Our review requires an analysis of (1) the evidence, if any, received at the trial and sentencing hearing; (2) the presentence report; (3) the principles of sentencing and the arguments of counsel relative to sentencing alternatives; (4) the nature and characteristics of the offense; (5) any mitigating or enhancing factors; (6) any statements made by the defendant in his own behalf; and (7) the defendant's potential for rehabilitation or treatment. Tenn. Code Ann. §§ 40-35-102, -103, -210; State v. Smith, 735 S.W.2d 859, 863 (Tenn.Crim.App. 1987).
Especially mitigated or standard offenders convicted of Class C, D, or E felonies are, of course, presumed to be favorable candidates "for alternative sentencing options in the absence of evidence to the contrary." Tenn. Code Ann. § 40-35-102(6). With certain statutory exceptions, none of which apply here, probation must be automatically considered by the trial court if the sentence imposed is eight years or less. Tenn. Code Ann. § 40-35-303(b).
Among the factors applicable to probation consideration are the circumstances of the offense, the defendant's criminal record, social history and present condition, and the deterrent effect upon and best interest of the defendant and the public. State v. Grear, 568 S.W.2d 285 (Tenn. 1978). The nature and circumstances of the offense may often be so egregious as to preclude the grant of probation. See State v. Poe, 614 S.W.2d 403 (Tenn.Crim.App. 1981). A lack of candor may also militate against a grant of probation. State v. Bunch, 646 S.W.2d 158 (Tenn. 1983).
In Ashby, our supreme court encouraged the grant of considerable discretionary authority to our trial courts in matters such as these. 823 S.W.2d at 171; see State v. Moss, 727 S.W.2d 229, 235 (Tenn. 1986). "[E]ach case must be bottomed upon its own facts." Taylor, 744 S.W.2d at 922. "It is not the policy or purpose of this court to place trial judges in a judicial straight-jacket in this or any other area, and we are always reluctant to interfere with their traditional discretionary powers." Ashby, 823 S.W.2d at 171.
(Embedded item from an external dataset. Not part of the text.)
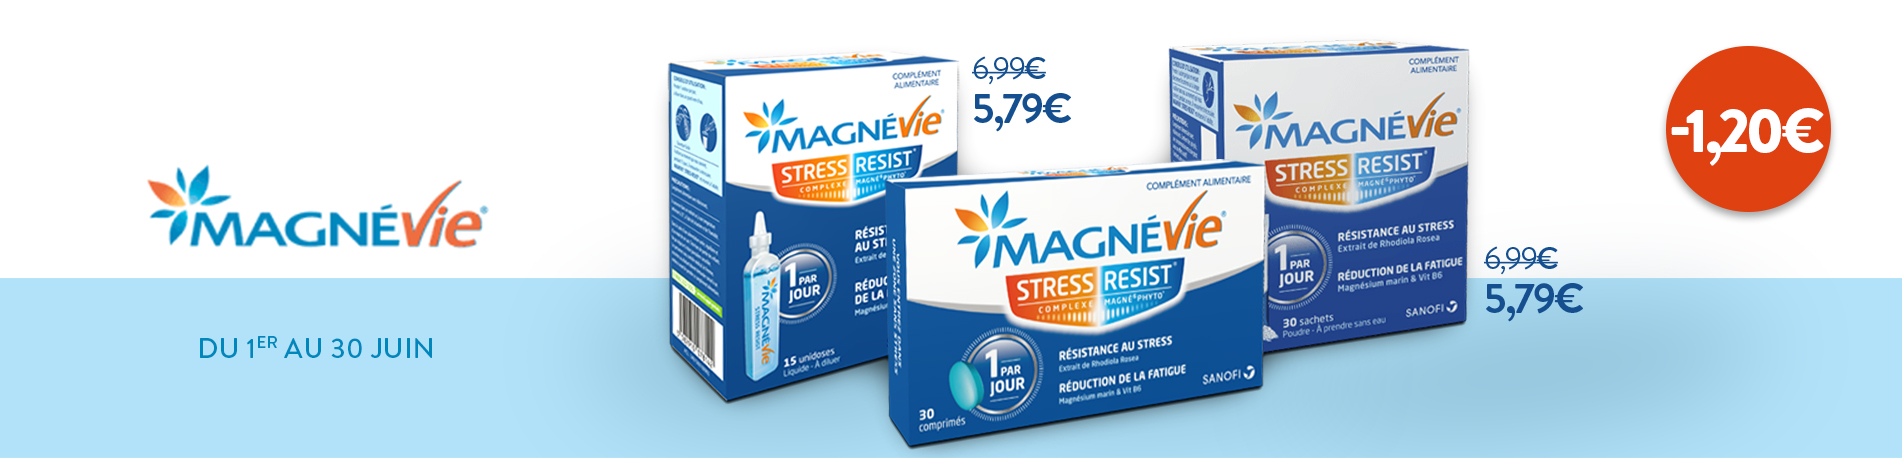 Promotion Magnévie stress resist

In our view, the record supports the trial court's denial of the defendant's request for total probation. "To sustain the denial of probation based solely upon the nature of the offense, the criminal act, as committed, must be `especially violent, horrifying, shocking, reprehensible, offensive, or otherwise of an excessive or exaggerated degree,' and the nature of the offense must outweigh all factors favoring probation." State v. Lane, 3 S.W.3d 456, 462 n. 15 (Tenn. 1999) (citations omitted). Here, the record reflects that the defendant sexually abused his natural daughter on several occasions over an extended period of time; that he breached his parental obligations; and that he violated the trust of one suffering from a serious medical impairment. Because the circumstances of the offense are of such nature as to outweigh all other factors, the trial court properly denied probation. An alternative sentence would have depreciated the seriousness of the crimes.
Accordingly, the judgments of the trial court are affirmed.